Le Rubirosa, sur de délicieuses notes italiennes

rubirosaLes années passent et la magie opère toujours dans cette brasserie qui fut tour à tour Comptoir des Panisses, Léonce et aujourd’hui Rubirosa. Si l’équipe a changé, les tables aux plateaux noirs, les suspensions en opaline blanche sagement alignées sur le comptoir et les vitraux en fond de salle demeurent. La déco, plus encore qu’autrefois, joue sur le contraste noir et blanc, suscitant des rêves aux tonalités Années Trente. La carte déroule ses plats vedette comme les paysages défilent à bord d’un coupé Delage D8 en 1938 sur la basse corniche entre Nice et Monaco : escalope milanaise, linguini alla vongole et tagliata de boeuf (parmesan-roquette) délicieusement aillée. A partager, le camembert rôti au miel, les supions persillés et les poireaux mimosa donneront le « la » d’un repas souriant.

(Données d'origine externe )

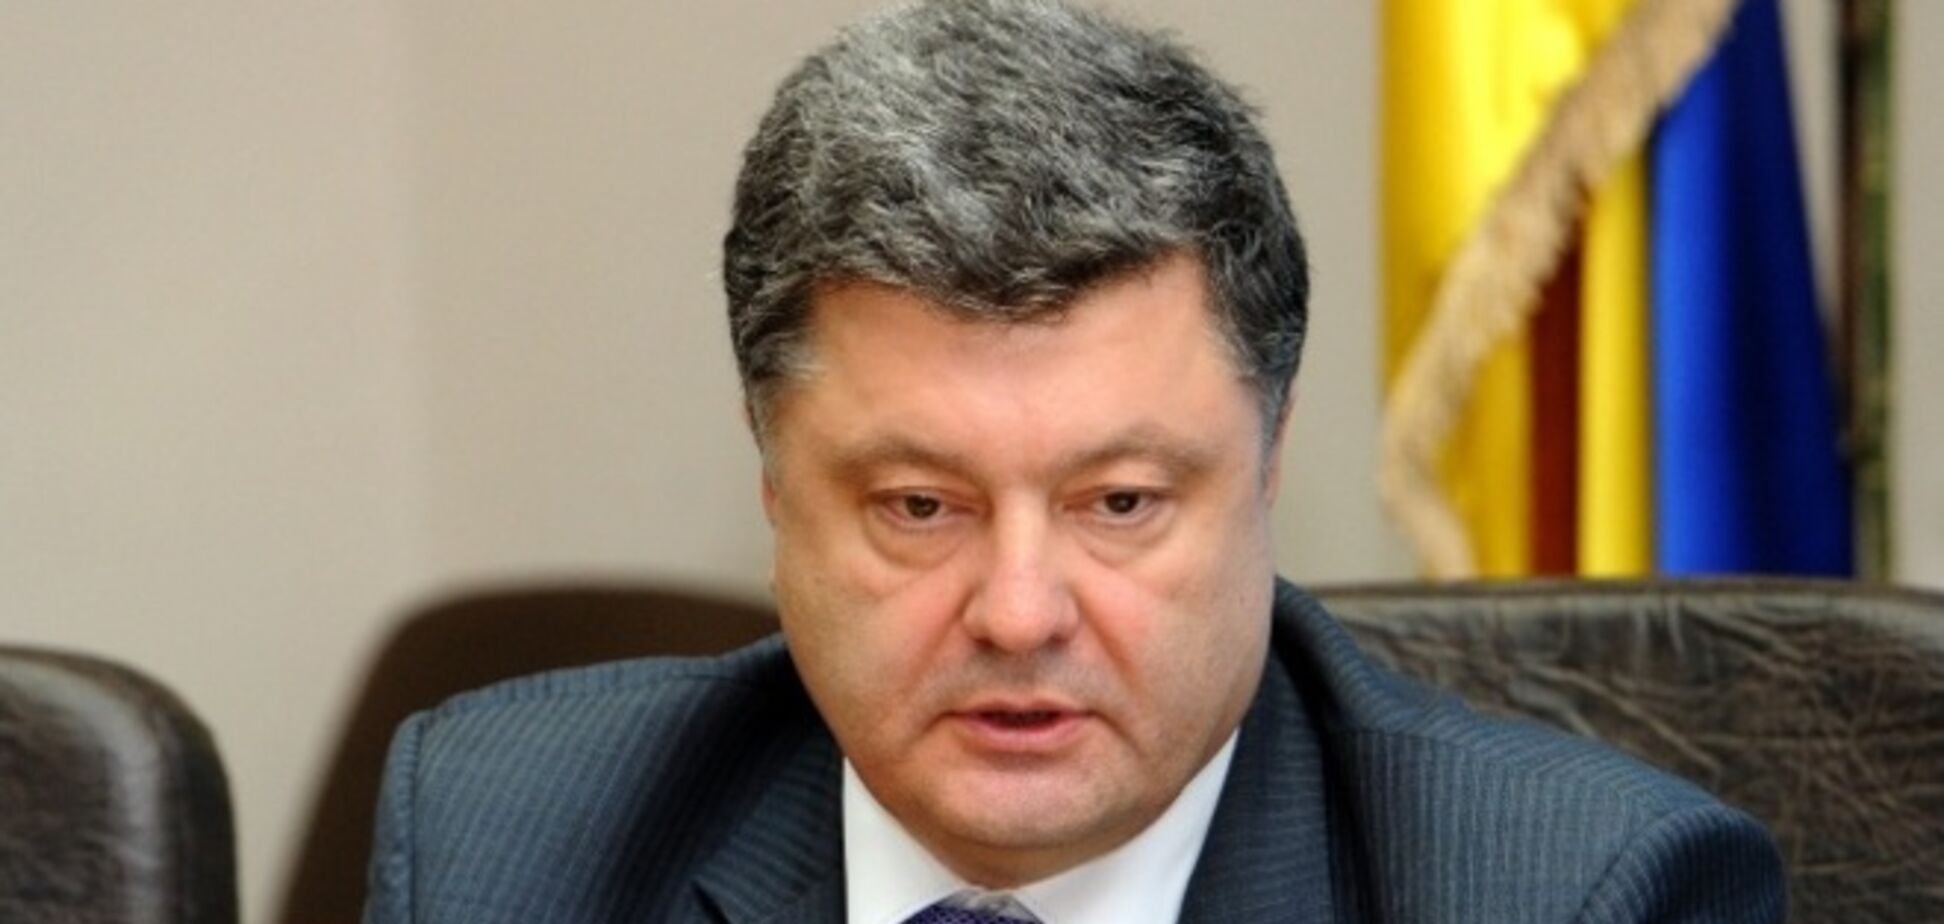 Политологи раскритиковали объяснение Порошенко по поводу закона о Донбассе

rubirosaAu déjeuner, le serveur tient une ardoise aux arômes terriens : croque-Madame à la truffe, polpette burger (boulettes-mozza, frites), filet de boeuf truffe… Il est 13 heures et la brasserie a fait le plein ; ça discute boulot et souvent des éclats de rire ponctuent les conversations. L’oeuf au plat est accompagné d’une purée sauce truffe et brisure de melanosporum. La cuisine a surligné la recette d’huile aromatisée ; on sauce rageusement avec un petit morceau de pain et tant pis pour les usages mais il faut absolument encore prolonger le plaisir. Plus léger mais tout aussi riche en goût, puisqu’arrosé d’un trait d’huile d’olive, le lieu vapeur et ses légumes (poireaux, pommes de terre et carottes) offre une alternative plus aérienne et… féminine.

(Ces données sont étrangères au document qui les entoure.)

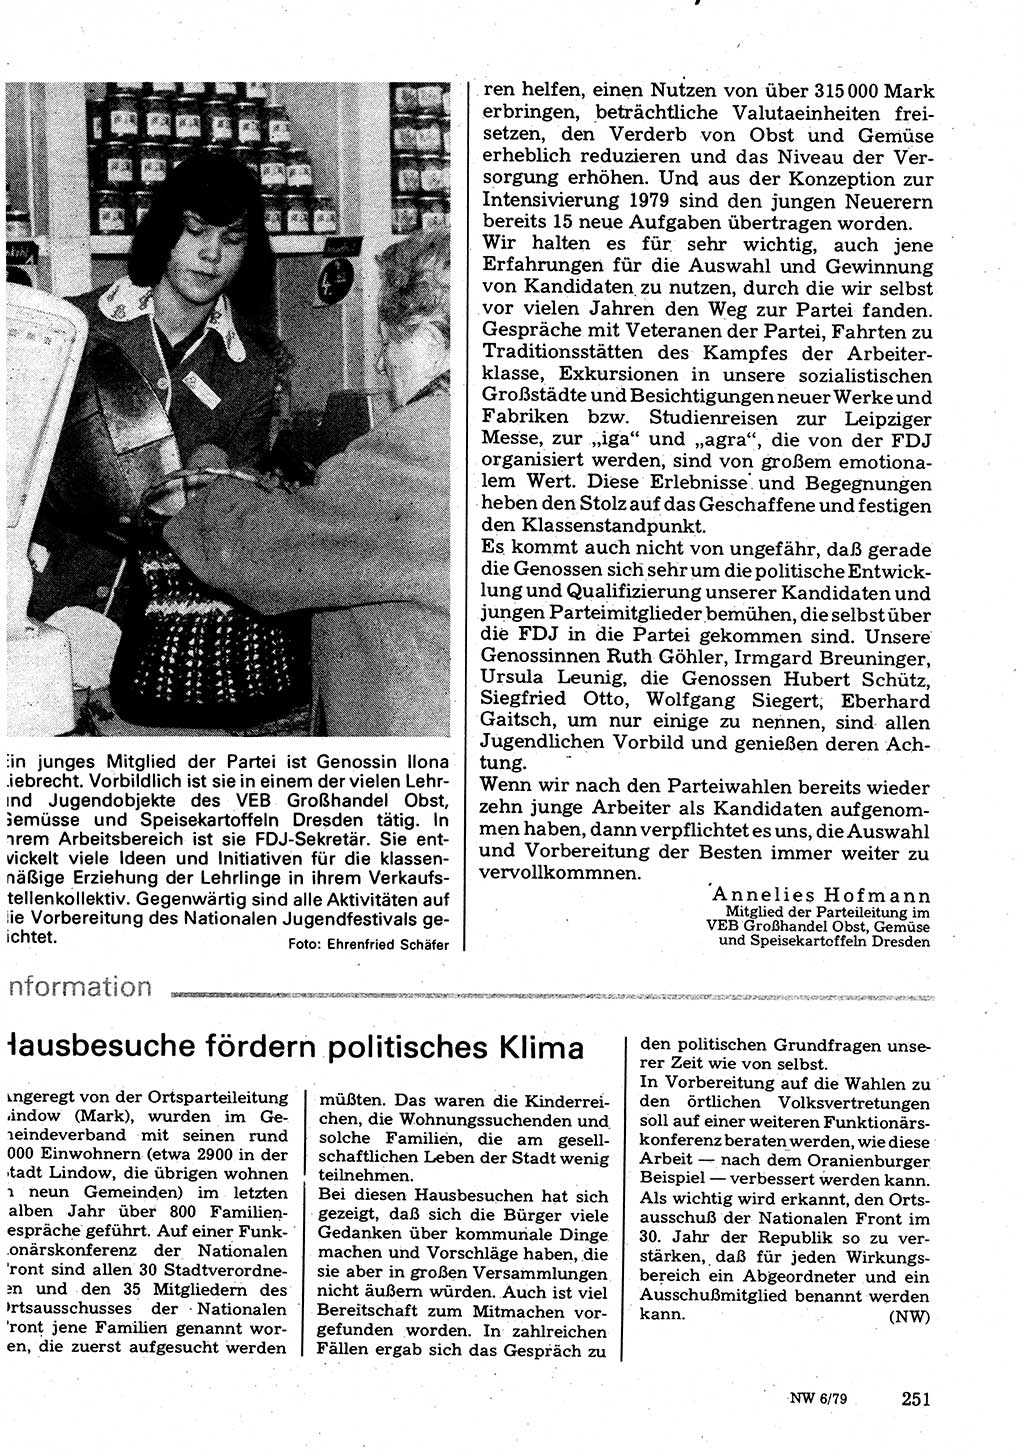 Neuer Weg (NW), Organ des Zentralkomitees (ZK) der SED (Sozialistische Einheitspartei Deutschlands) für Fragen des Parteilebens, 34. Jahrgang [Deutsche Demokratische Republik (DDR)] 1979, Seite 251 (NW ZK SED DDR 1979, S. 251)

Alors faut-il y aller ? Oui car il n’y avait plus de brochettes de saint-jacques ; la fin de la saison étant fixée au 15 mai, il faudra faire vite avant la fin de la saison de pêche au 15 mai. Oui pour l’ambiance ; les commerçants, employés et professions libérales qui ont leur serviette ici confèrent au Rubirosa une atmosphère d’entre-soi assez sympa. Oui enfin pour le service qui s’adapte à chaque table, sympa avec les habitués, sérieux avec les repas business, aux petits soins pour les touristes.

23, rue Sainte, Marseille 1er arr. ; infos au 04 91 72 61 10. Plat du jour 13,50 €. Déjeuner : 24-30 € ; dîner : 35 €.